*** Available records Section Begins ***

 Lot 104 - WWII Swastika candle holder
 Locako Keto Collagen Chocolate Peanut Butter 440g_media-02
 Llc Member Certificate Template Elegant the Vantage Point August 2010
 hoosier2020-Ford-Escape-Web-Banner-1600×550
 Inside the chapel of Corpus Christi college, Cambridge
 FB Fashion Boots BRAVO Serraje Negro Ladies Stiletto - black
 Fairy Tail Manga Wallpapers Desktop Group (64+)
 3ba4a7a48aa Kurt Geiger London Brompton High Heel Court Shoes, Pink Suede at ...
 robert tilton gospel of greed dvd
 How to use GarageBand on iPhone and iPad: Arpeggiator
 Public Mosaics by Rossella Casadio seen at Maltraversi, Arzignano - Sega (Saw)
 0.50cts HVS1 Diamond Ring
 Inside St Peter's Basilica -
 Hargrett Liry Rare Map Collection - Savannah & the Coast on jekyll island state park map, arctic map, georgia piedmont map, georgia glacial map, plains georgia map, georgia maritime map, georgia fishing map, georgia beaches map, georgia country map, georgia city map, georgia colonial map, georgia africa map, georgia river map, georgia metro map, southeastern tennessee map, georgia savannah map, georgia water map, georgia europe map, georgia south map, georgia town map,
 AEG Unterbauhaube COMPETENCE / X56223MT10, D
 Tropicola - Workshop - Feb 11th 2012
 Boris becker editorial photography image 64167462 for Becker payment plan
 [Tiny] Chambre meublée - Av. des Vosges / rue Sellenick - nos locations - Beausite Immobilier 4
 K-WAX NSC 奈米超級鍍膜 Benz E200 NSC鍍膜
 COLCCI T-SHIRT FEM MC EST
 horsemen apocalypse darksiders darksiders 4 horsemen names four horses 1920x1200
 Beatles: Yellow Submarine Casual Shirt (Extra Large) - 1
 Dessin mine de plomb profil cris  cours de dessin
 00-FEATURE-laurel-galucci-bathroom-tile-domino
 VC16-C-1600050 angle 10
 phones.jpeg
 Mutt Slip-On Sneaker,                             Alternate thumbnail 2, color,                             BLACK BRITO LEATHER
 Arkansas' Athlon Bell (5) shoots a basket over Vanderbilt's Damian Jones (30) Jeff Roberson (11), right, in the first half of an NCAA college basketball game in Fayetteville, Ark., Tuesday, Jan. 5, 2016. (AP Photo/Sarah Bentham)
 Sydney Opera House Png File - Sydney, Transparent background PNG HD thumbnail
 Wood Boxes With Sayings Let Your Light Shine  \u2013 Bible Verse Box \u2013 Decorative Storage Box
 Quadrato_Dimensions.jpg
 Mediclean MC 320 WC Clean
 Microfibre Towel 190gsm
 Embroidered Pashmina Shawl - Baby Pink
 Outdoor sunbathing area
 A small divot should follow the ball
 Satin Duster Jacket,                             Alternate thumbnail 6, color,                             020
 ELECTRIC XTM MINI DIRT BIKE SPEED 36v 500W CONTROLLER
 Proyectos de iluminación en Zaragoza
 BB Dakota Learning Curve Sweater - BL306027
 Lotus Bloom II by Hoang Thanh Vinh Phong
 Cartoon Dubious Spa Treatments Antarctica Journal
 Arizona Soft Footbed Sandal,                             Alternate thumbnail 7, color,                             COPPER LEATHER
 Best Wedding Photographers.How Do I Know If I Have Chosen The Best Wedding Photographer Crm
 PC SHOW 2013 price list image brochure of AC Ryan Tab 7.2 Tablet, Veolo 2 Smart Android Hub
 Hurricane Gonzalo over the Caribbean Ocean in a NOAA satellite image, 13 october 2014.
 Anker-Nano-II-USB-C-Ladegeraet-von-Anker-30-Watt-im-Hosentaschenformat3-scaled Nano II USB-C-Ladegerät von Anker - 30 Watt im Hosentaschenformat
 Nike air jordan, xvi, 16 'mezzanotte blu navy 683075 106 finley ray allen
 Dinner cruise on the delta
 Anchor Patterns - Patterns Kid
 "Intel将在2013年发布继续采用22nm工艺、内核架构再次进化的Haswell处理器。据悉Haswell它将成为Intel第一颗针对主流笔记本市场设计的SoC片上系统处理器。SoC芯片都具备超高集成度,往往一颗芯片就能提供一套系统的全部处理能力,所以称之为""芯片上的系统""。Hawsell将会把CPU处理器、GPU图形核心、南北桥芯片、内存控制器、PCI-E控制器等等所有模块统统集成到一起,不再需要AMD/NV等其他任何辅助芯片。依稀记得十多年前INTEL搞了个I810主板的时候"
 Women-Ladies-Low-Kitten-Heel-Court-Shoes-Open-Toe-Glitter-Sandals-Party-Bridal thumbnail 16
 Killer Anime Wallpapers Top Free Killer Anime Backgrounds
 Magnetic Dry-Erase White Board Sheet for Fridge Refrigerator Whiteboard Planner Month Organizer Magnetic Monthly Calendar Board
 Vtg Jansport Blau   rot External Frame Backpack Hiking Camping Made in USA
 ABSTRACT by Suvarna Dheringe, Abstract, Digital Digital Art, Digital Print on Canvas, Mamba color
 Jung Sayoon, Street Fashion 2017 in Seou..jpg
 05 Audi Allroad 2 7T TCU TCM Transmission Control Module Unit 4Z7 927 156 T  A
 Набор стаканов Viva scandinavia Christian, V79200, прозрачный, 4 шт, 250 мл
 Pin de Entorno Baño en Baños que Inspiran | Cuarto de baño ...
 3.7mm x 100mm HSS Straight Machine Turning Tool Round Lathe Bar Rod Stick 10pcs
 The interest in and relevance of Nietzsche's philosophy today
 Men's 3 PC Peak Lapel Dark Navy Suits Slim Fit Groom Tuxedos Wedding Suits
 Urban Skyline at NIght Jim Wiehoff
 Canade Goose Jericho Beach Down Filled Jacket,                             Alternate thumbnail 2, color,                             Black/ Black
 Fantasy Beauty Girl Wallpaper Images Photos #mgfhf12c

*** Available records Section Ends ***

Work item: I'd like the records returned exactly as they were written, please.

Reply to the exercise:
 Lot 104 - WWII Swastika candle holder
 Locako Keto Collagen Chocolate Peanut Butter 440g_media-02
 Llc Member Certificate Template Elegant the Vantage Point August 2010
 hoosier2020-Ford-Escape-Web-Banner-1600×550
 Inside the chapel of Corpus Christi college, Cambridge
 FB Fashion Boots BRAVO Serraje Negro Ladies Stiletto - black
 Fairy Tail Manga Wallpapers Desktop Group (64+)
 3ba4a7a48aa Kurt Geiger London Brompton High Heel Court Shoes, Pink Suede at ...
 robert tilton gospel of greed dvd
 How to use GarageBand on iPhone and iPad: Arpeggiator
 Public Mosaics by Rossella Casadio seen at Maltraversi, Arzignano - Sega (Saw)
 0.50cts HVS1 Diamond Ring
 Inside St Peter's Basilica -
 Hargrett Liry Rare Map Collection - Savannah & the Coast on jekyll island state park map, arctic map, georgia piedmont map, georgia glacial map, plains georgia map, georgia maritime map, georgia fishing map, georgia beaches map, georgia country map, georgia city map, georgia colonial map, georgia africa map, georgia river map, georgia metro map, southeastern tennessee map, georgia savannah map, georgia water map, georgia europe map, georgia south map, georgia town map,
 AEG Unterbauhaube COMPETENCE / X56223MT10, D
 Tropicola - Workshop - Feb 11th 2012
 Boris becker editorial photography image 64167462 for Becker payment plan
 [Tiny] Chambre meublée - Av. des Vosges / rue Sellenick - nos locations - Beausite Immobilier 4
 K-WAX NSC 奈米超級鍍膜 Benz E200 NSC鍍膜
 COLCCI T-SHIRT FEM MC EST
 horsemen apocalypse darksiders darksiders 4 horsemen names four horses 1920x1200
 Beatles: Yellow Submarine Casual Shirt (Extra Large) - 1
 Dessin mine de plomb profil cris  cours de dessin
 00-FEATURE-laurel-galucci-bathroom-tile-domino
 VC16-C-1600050 angle 10
 phones.jpeg
 Mutt Slip-On Sneaker,                             Alternate thumbnail 2, color,                             BLACK BRITO LEATHER
 Arkansas' Athlon Bell (5) shoots a basket over Vanderbilt's Damian Jones (30) Jeff Roberson (11), right, in the first half of an NCAA college basketball game in Fayetteville, Ark., Tuesday, Jan. 5, 2016. (AP Photo/Sarah Bentham)
 Sydney Opera House Png File - Sydney, Transparent background PNG HD thumbnail
 Wood Boxes With Sayings Let Your Light Shine  \u2013 Bible Verse Box \u2013 Decorative Storage Box
 Quadrato_Dimensions.jpg
 Mediclean MC 320 WC Clean
 Microfibre Towel 190gsm
 Embroidered Pashmina Shawl - Baby Pink
 Outdoor sunbathing area
 A small divot should follow the ball
 Satin Duster Jacket,                             Alternate thumbnail 6, color,                             020
 ELECTRIC XTM MINI DIRT BIKE SPEED 36v 500W CONTROLLER
 Proyectos de iluminación en Zaragoza
 BB Dakota Learning Curve Sweater - BL306027
 Lotus Bloom II by Hoang Thanh Vinh Phong
 Cartoon Dubious Spa Treatments Antarctica Journal
 Arizona Soft Footbed Sandal,                             Alternate thumbnail 7, color,                             COPPER LEATHER
 Best Wedding Photographers.How Do I Know If I Have Chosen The Best Wedding Photographer Crm
 PC SHOW 2013 price list image brochure of AC Ryan Tab 7.2 Tablet, Veolo 2 Smart Android Hub
 Hurricane Gonzalo over the Caribbean Ocean in a NOAA satellite image, 13 october 2014.
 Anker-Nano-II-USB-C-Ladegeraet-von-Anker-30-Watt-im-Hosentaschenformat3-scaled Nano II USB-C-Ladegerät von Anker - 30 Watt im Hosentaschenformat
 Nike air jordan, xvi, 16 'mezzanotte blu navy 683075 106 finley ray allen
 Dinner cruise on the delta
 Anchor Patterns - Patterns Kid
 "Intel将在2013年发布继续采用22nm工艺、内核架构再次进化的Haswell处理器。据悉Haswell它将成为Intel第一颗针对主流笔记本市场设计的SoC片上系统处理器。SoC芯片都具备超高集成度,往往一颗芯片就能提供一套系统的全部处理能力,所以称之为""芯片上的系统""。Hawsell将会把CPU处理器、GPU图形核心、南北桥芯片、内存控制器、PCI-E控制器等等所有模块统统集成到一起,不再需要AMD/NV等其他任何辅助芯片。依稀记得十多年前INTEL搞了个I810主板的时候"
 Women-Ladies-Low-Kitten-Heel-Court-Shoes-Open-Toe-Glitter-Sandals-Party-Bridal thumbnail 16
 Killer Anime Wallpapers Top Free Killer Anime Backgrounds
 Magnetic Dry-Erase White Board Sheet for Fridge Refrigerator Whiteboard Planner Month Organizer Magnetic Monthly Calendar Board
 Vtg Jansport Blau   rot External Frame Backpack Hiking Camping Made in USA
 ABSTRACT by Suvarna Dheringe, Abstract, Digital Digital Art, Digital Print on Canvas, Mamba color
 Jung Sayoon, Street Fashion 2017 in Seou..jpg
 05 Audi Allroad 2 7T TCU TCM Transmission Control Module Unit 4Z7 927 156 T  A
 Набор стаканов Viva scandinavia Christian, V79200, прозрачный, 4 шт, 250 мл
 Pin de Entorno Baño en Baños que Inspiran | Cuarto de baño ...
 3.7mm x 100mm HSS Straight Machine Turning Tool Round Lathe Bar Rod Stick 10pcs
 The interest in and relevance of Nietzsche's philosophy today
 Men's 3 PC Peak Lapel Dark Navy Suits Slim Fit Groom Tuxedos Wedding Suits
 Urban Skyline at NIght Jim Wiehoff
 Canade Goose Jericho Beach Down Filled Jacket,                             Alternate thumbnail 2, color,                             Black/ Black
 Fantasy Beauty Girl Wallpaper Images Photos #mgfhf12c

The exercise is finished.